**WHAT TO WORK ON**
Set down every line from the one with "The SM722 was" to the end of the entries, both ends included, exactly as it reads and without pictures.

**MATERIALS PROVIDED**
BEGIN
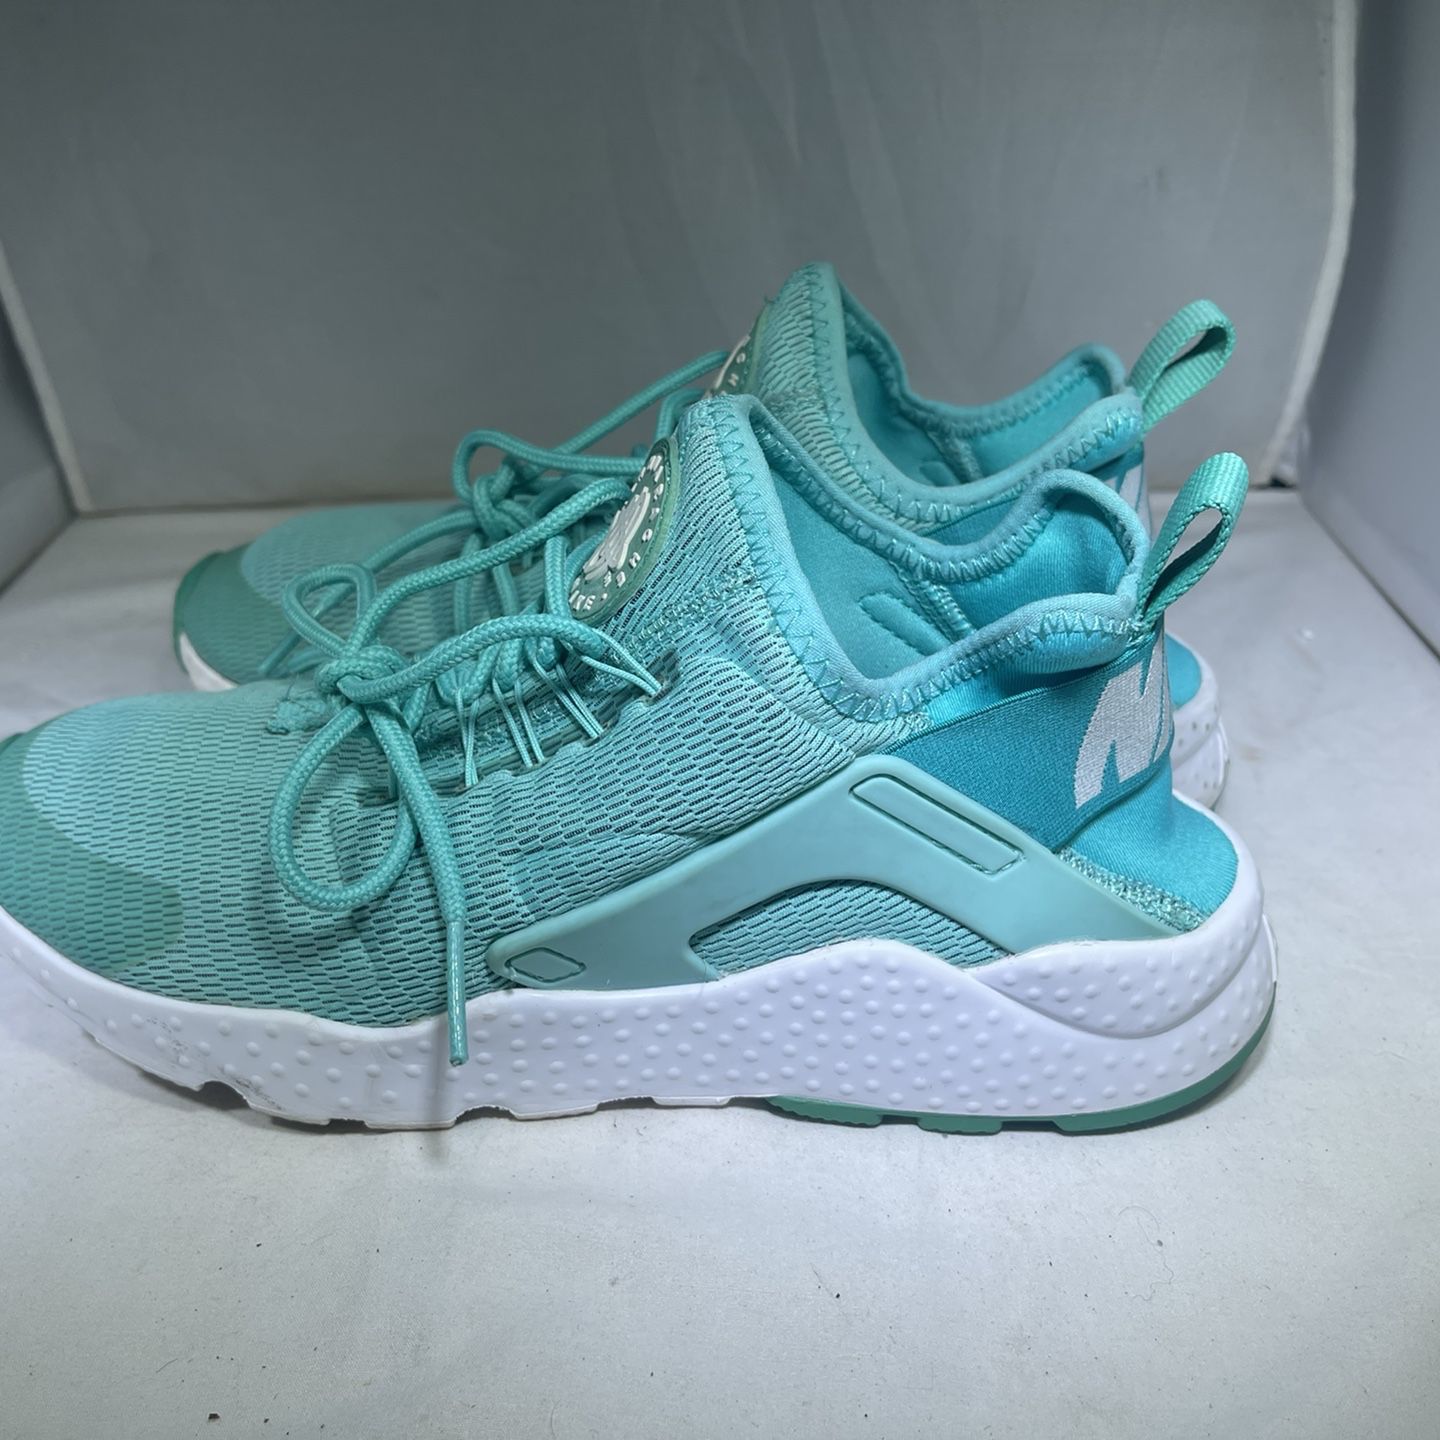 atributo Impermeable Subtropical PreOwned Nike Air Huarache Run Trainers Bright Turquoise Women's 7 for Sale  in Waipahu, HI - OfferUp
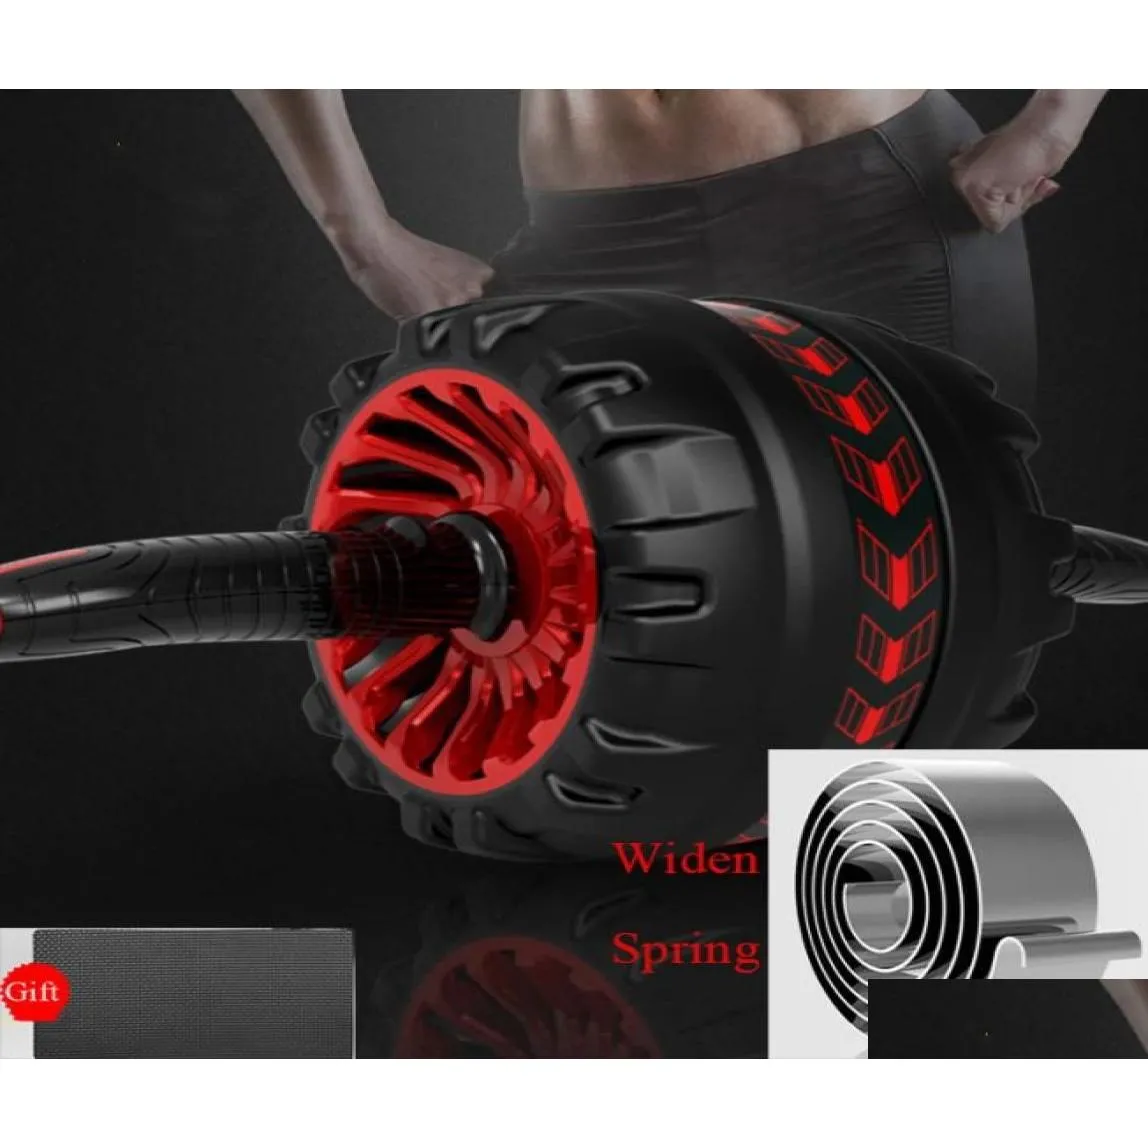 Training Equipment Fitness Ab Roller Home Gym Abs Wheel Press Abdominal Trainer Widen Strong Spring Matic Rebound Workout Drop Deliv Dhf1N
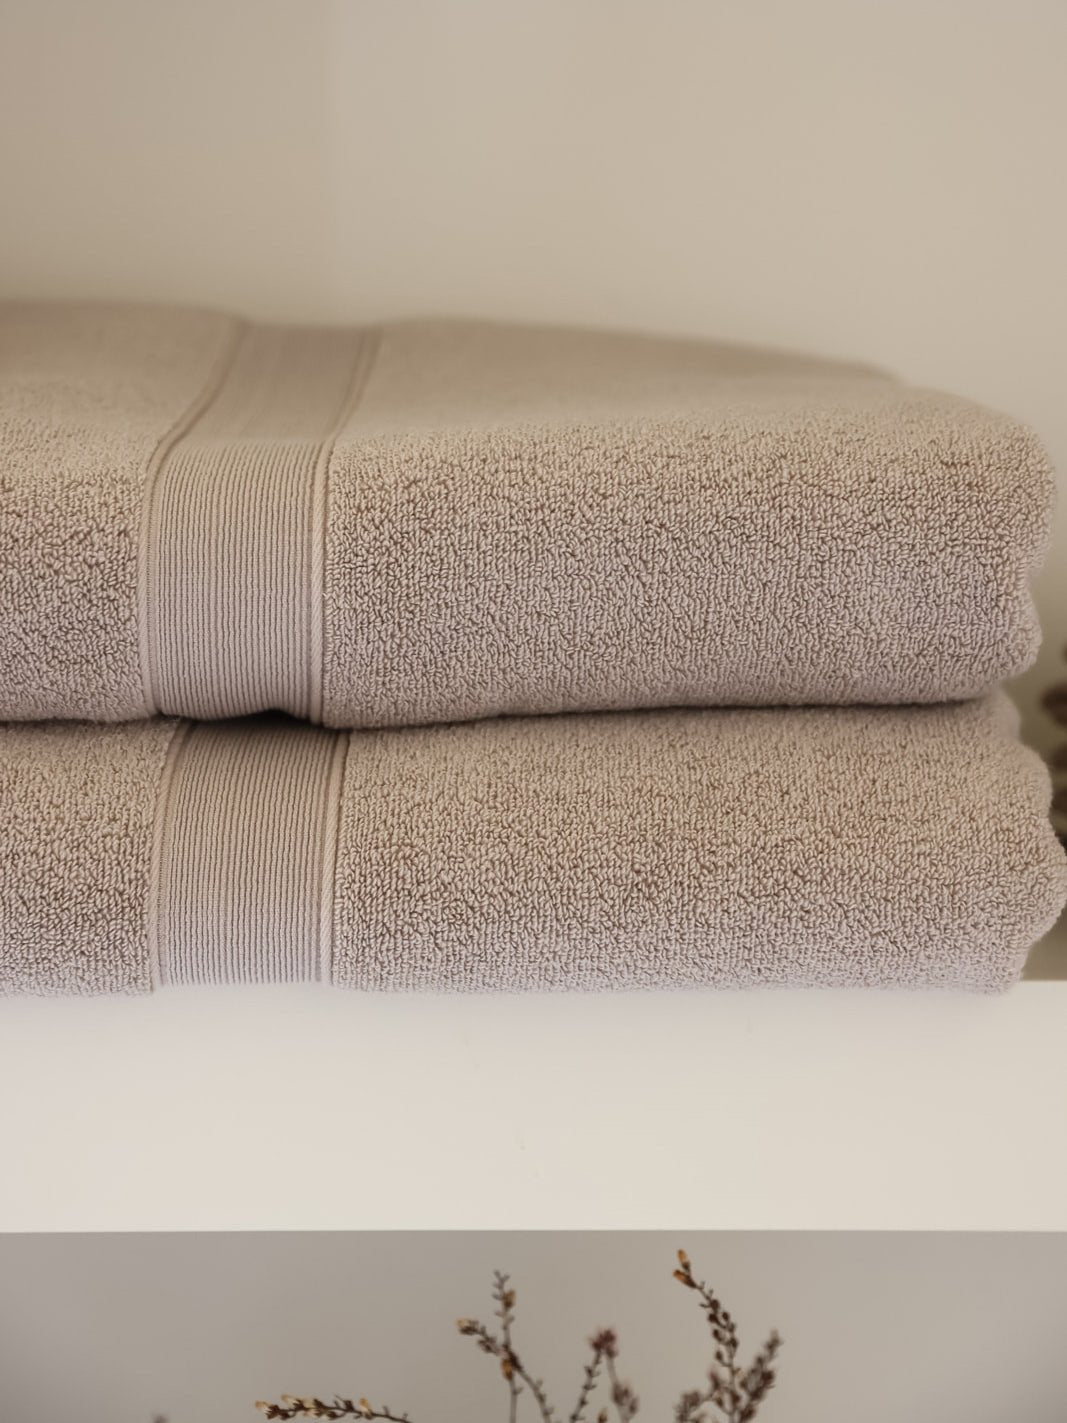 Close up of folded sand luxe bath towels on shelf 
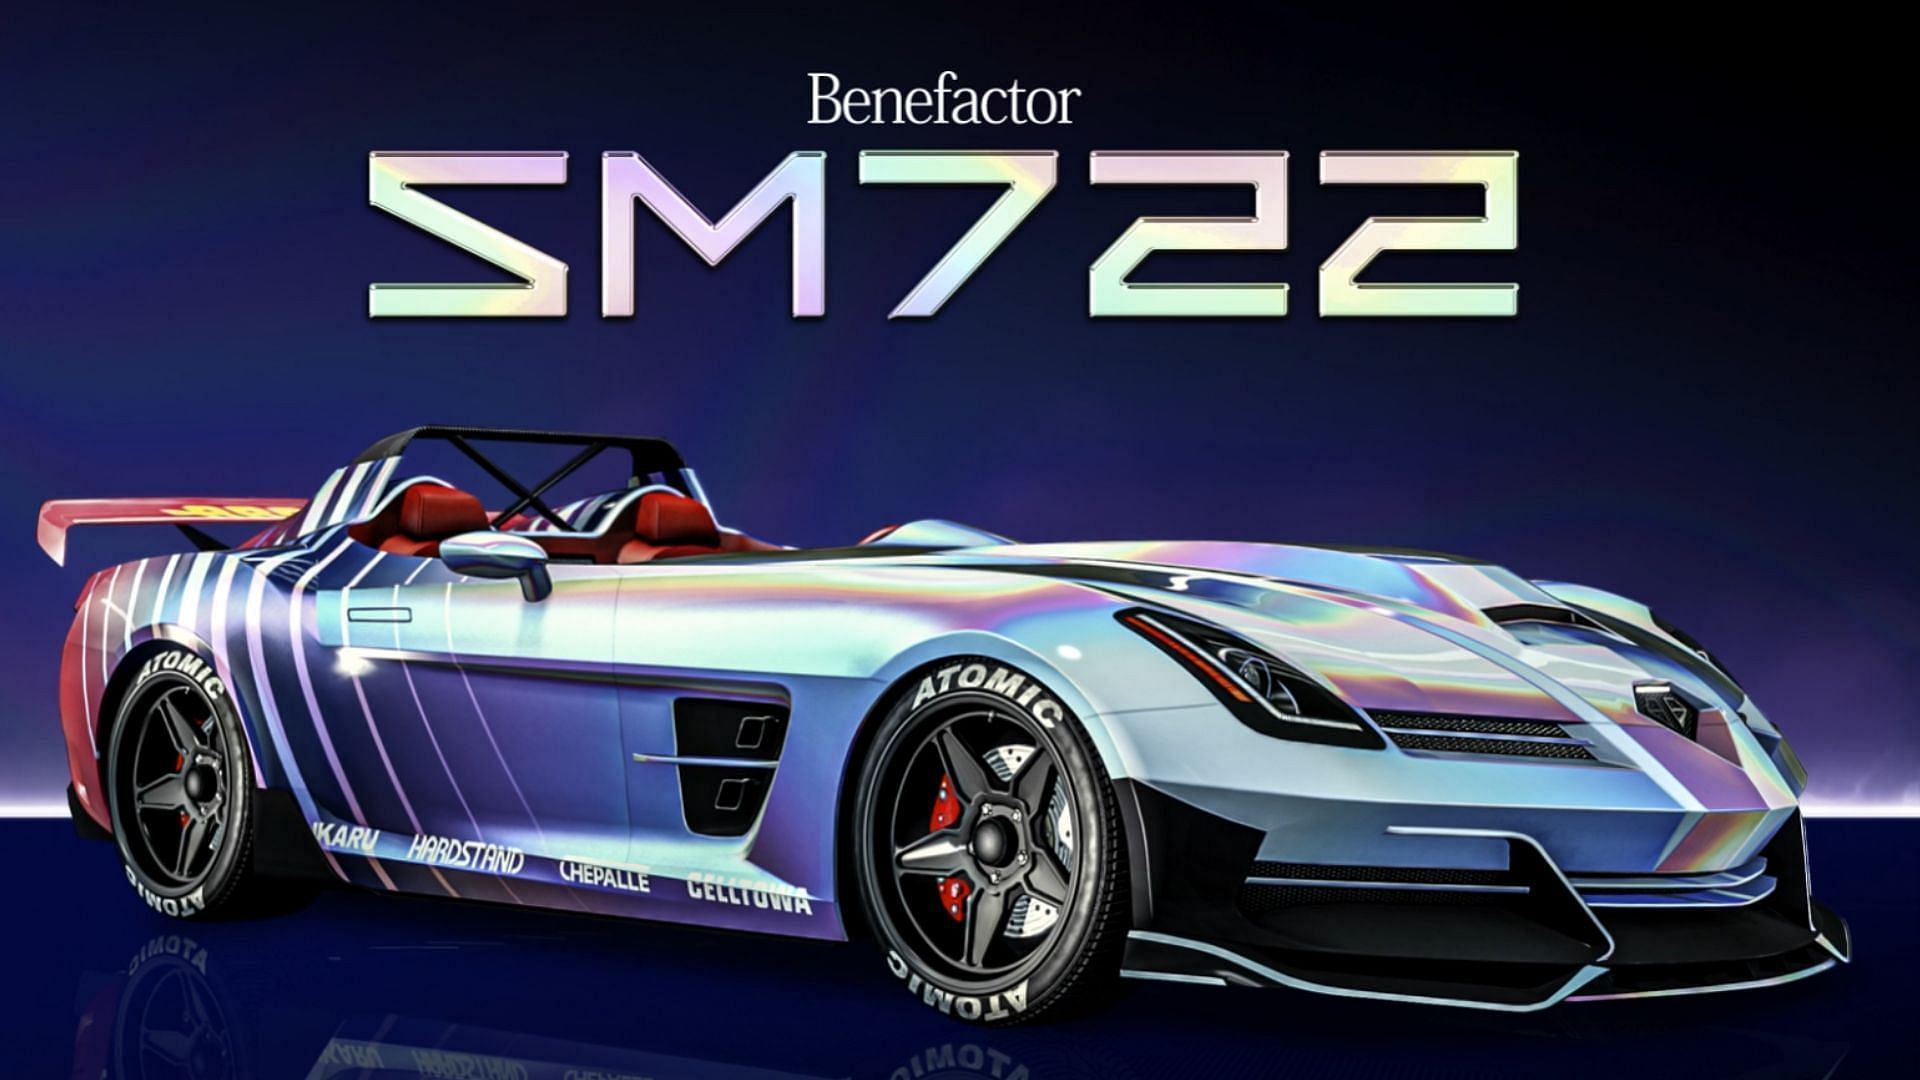 The SM722 was released on August 4, 2022 (Image via Rockstar Games)
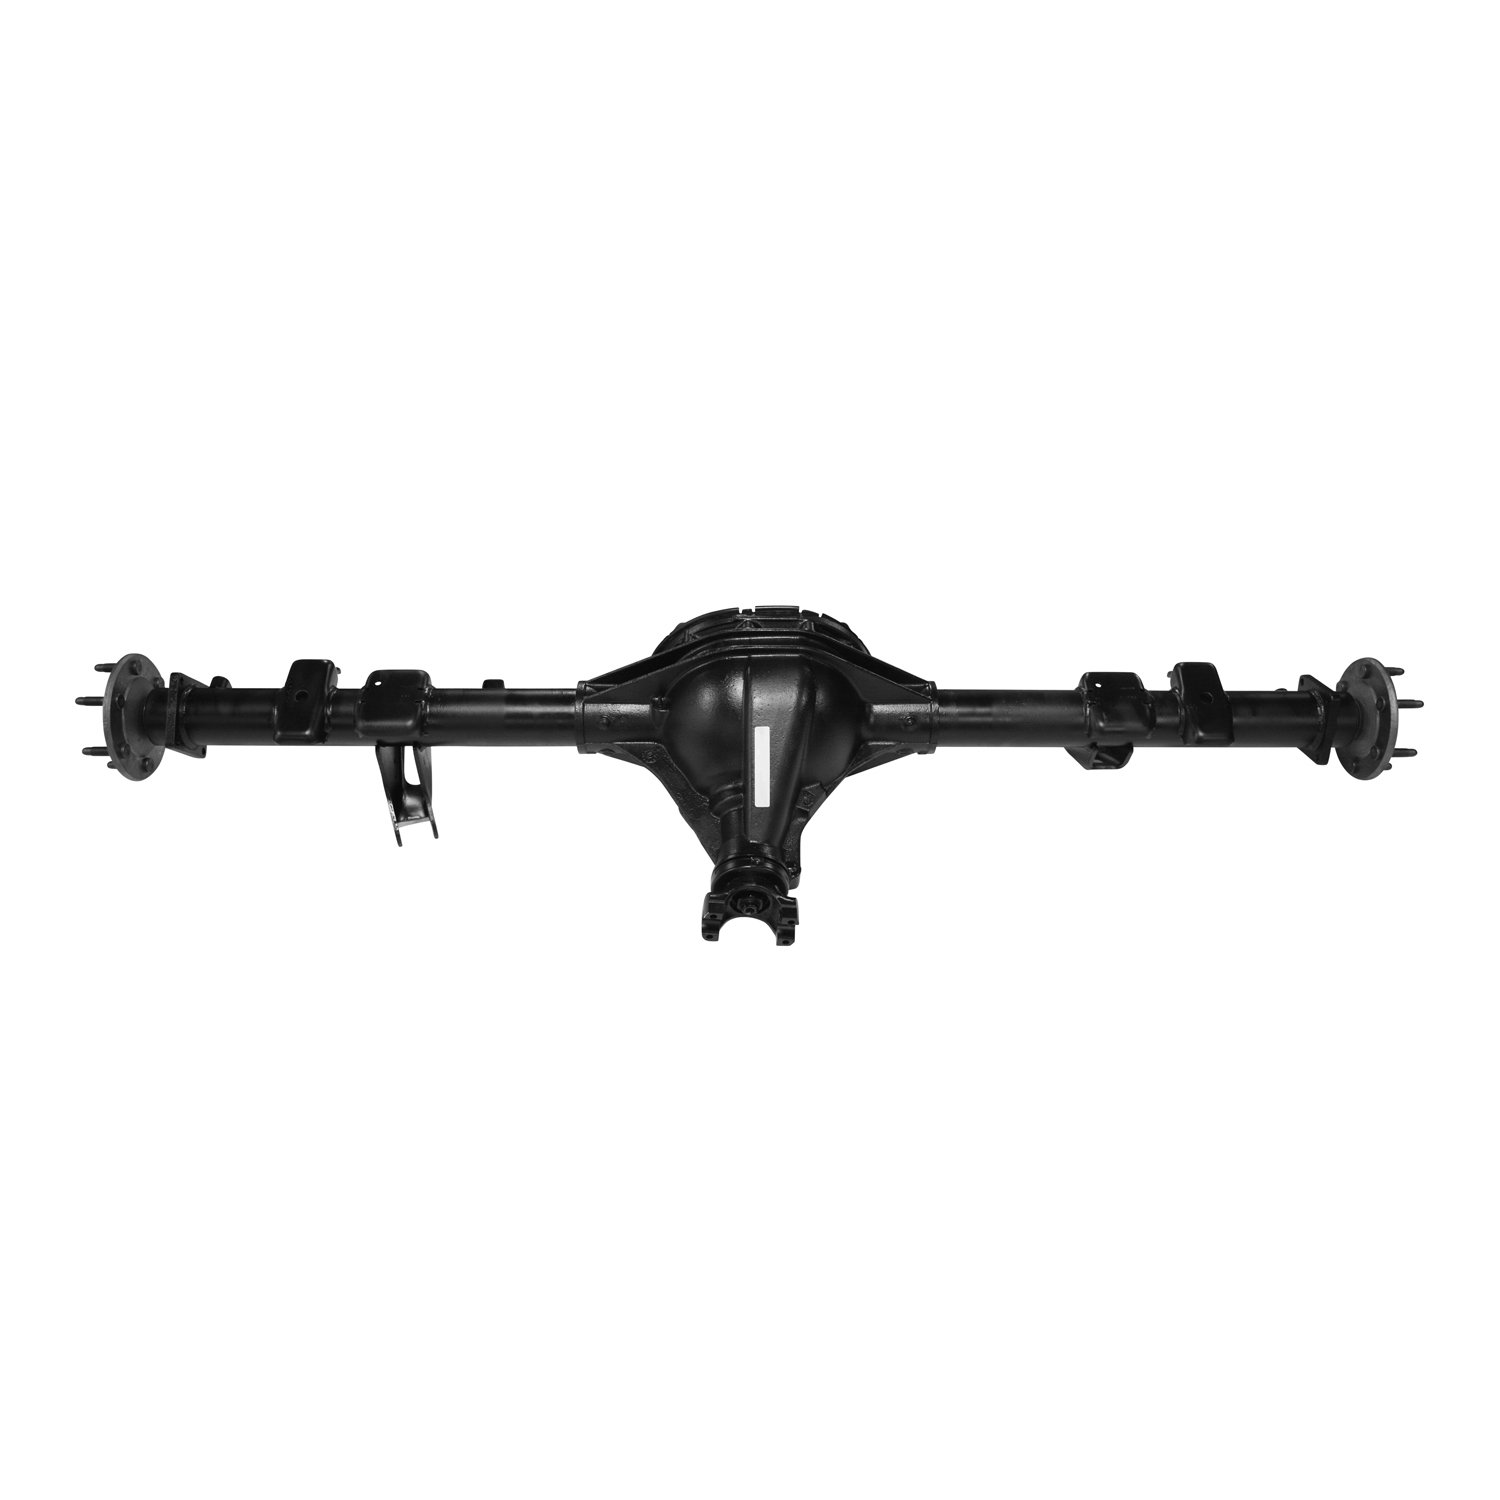 Remanufactured 9.5" Rear diff Axle Assembly for 2014-19 GM 1500 With 3.42 Gear Ratio, Posi
END
**SOLUTION TO THIS TASK**
 The SM722 was released on August 4, 2022 (Image via Rockstar Games)
 Remanufactured 9.5" Rear diff Axle Assembly for 2014-19 GM 1500 With 3.42 Gear Ratio, Posi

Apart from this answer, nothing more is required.